## Raw data
********

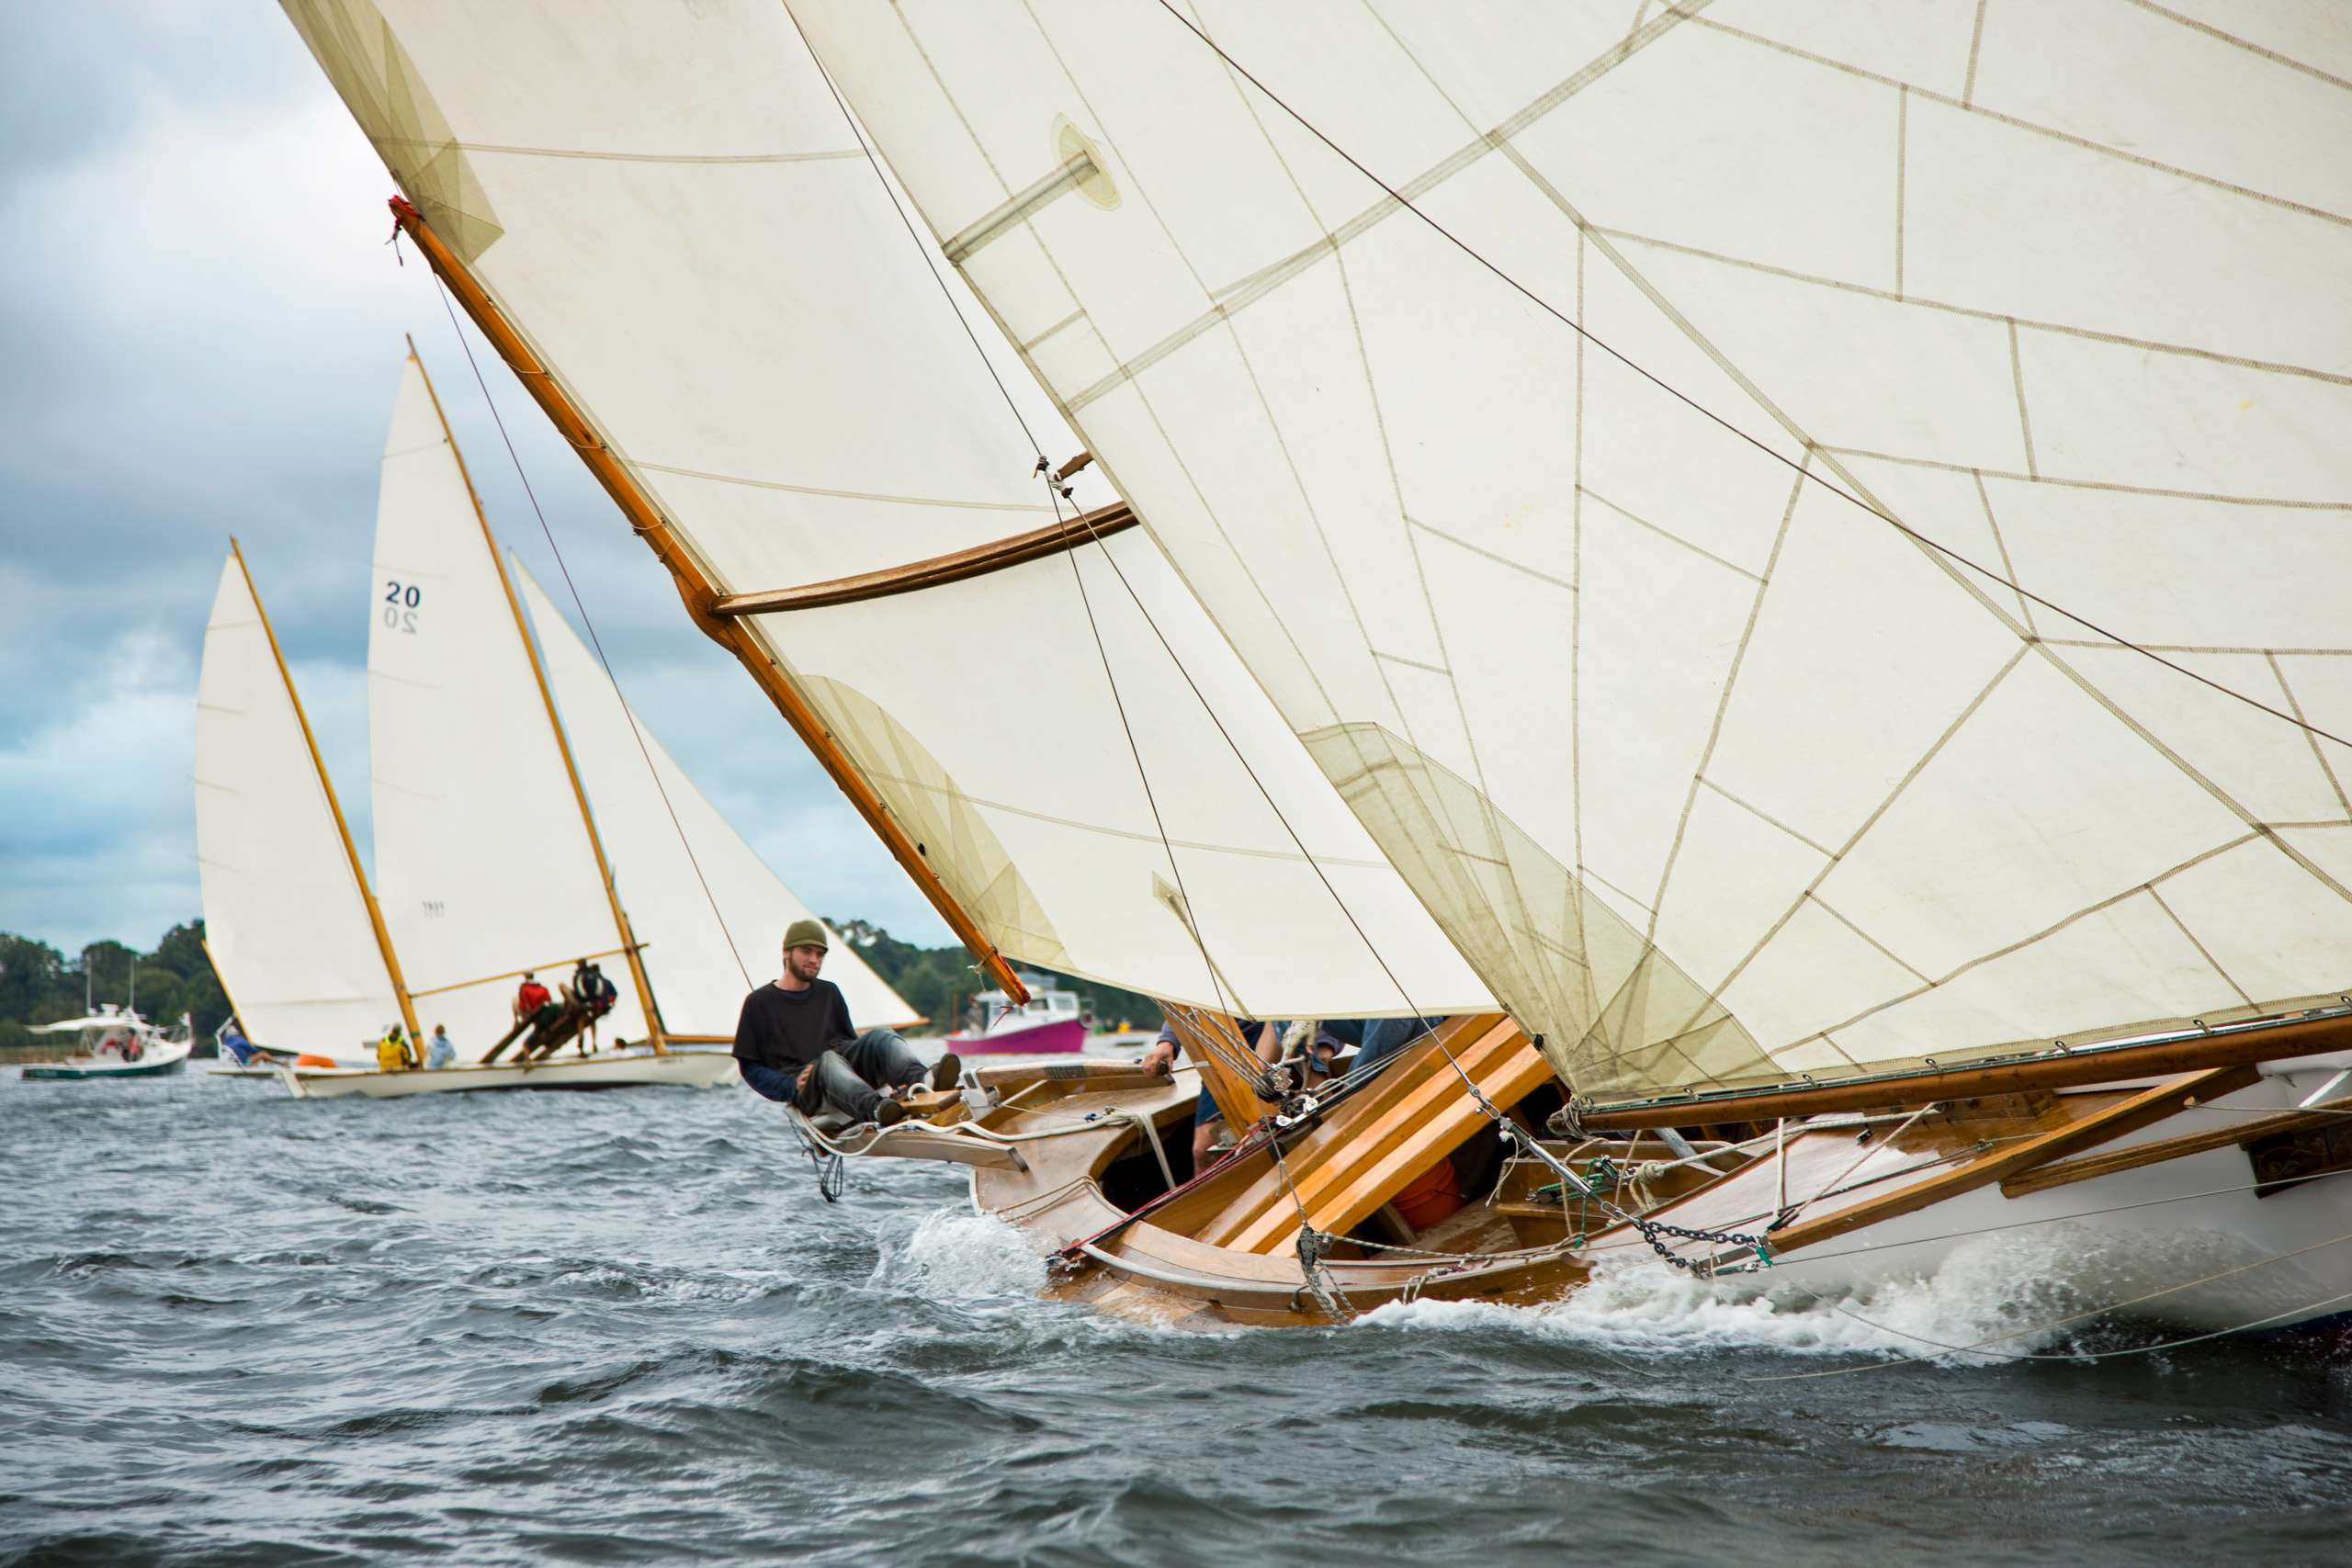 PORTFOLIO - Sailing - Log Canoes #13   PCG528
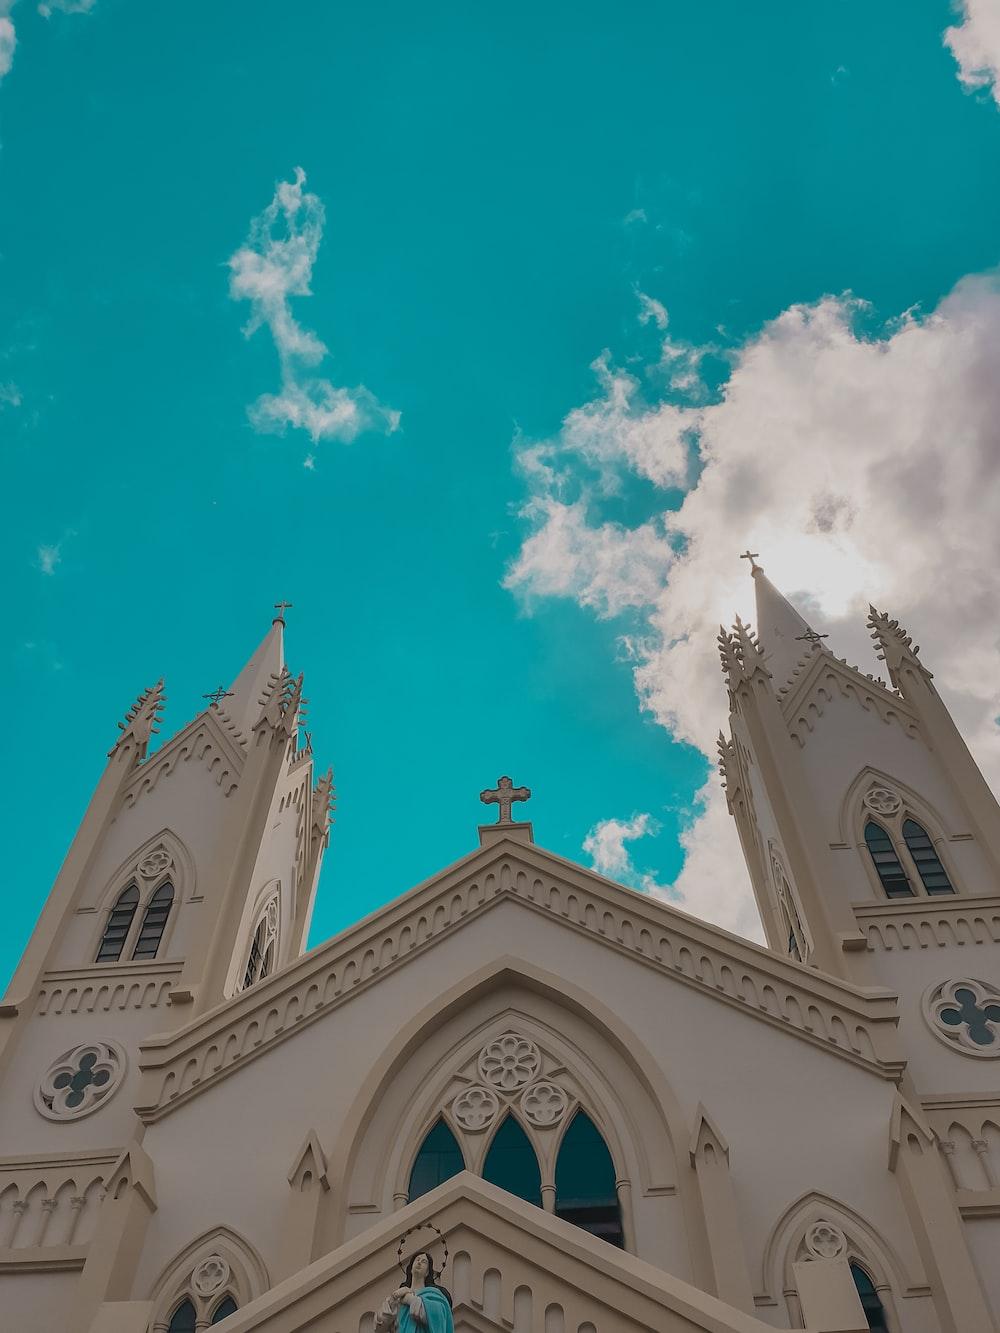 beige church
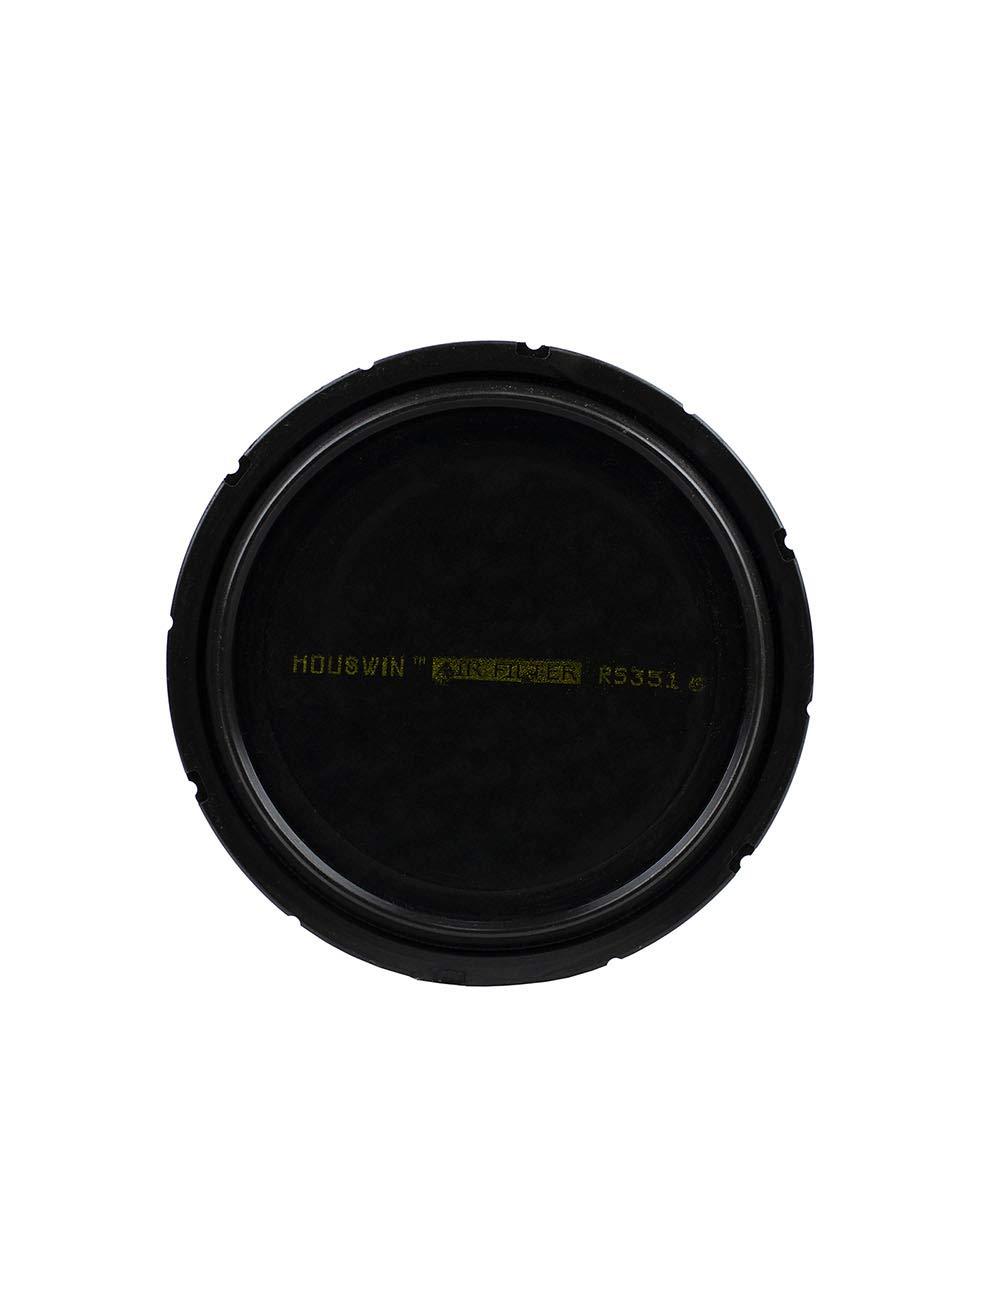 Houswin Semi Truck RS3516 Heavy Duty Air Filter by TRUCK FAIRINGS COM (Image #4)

********

## Your instructions
Once the line with "beige church" is found, output it and every line after it through the end of the listing, exactly, without pictures.

## Response box
 beige church
 Houswin Semi Truck RS3516 Heavy Duty Air Filter by TRUCK FAIRINGS COM (Image #4)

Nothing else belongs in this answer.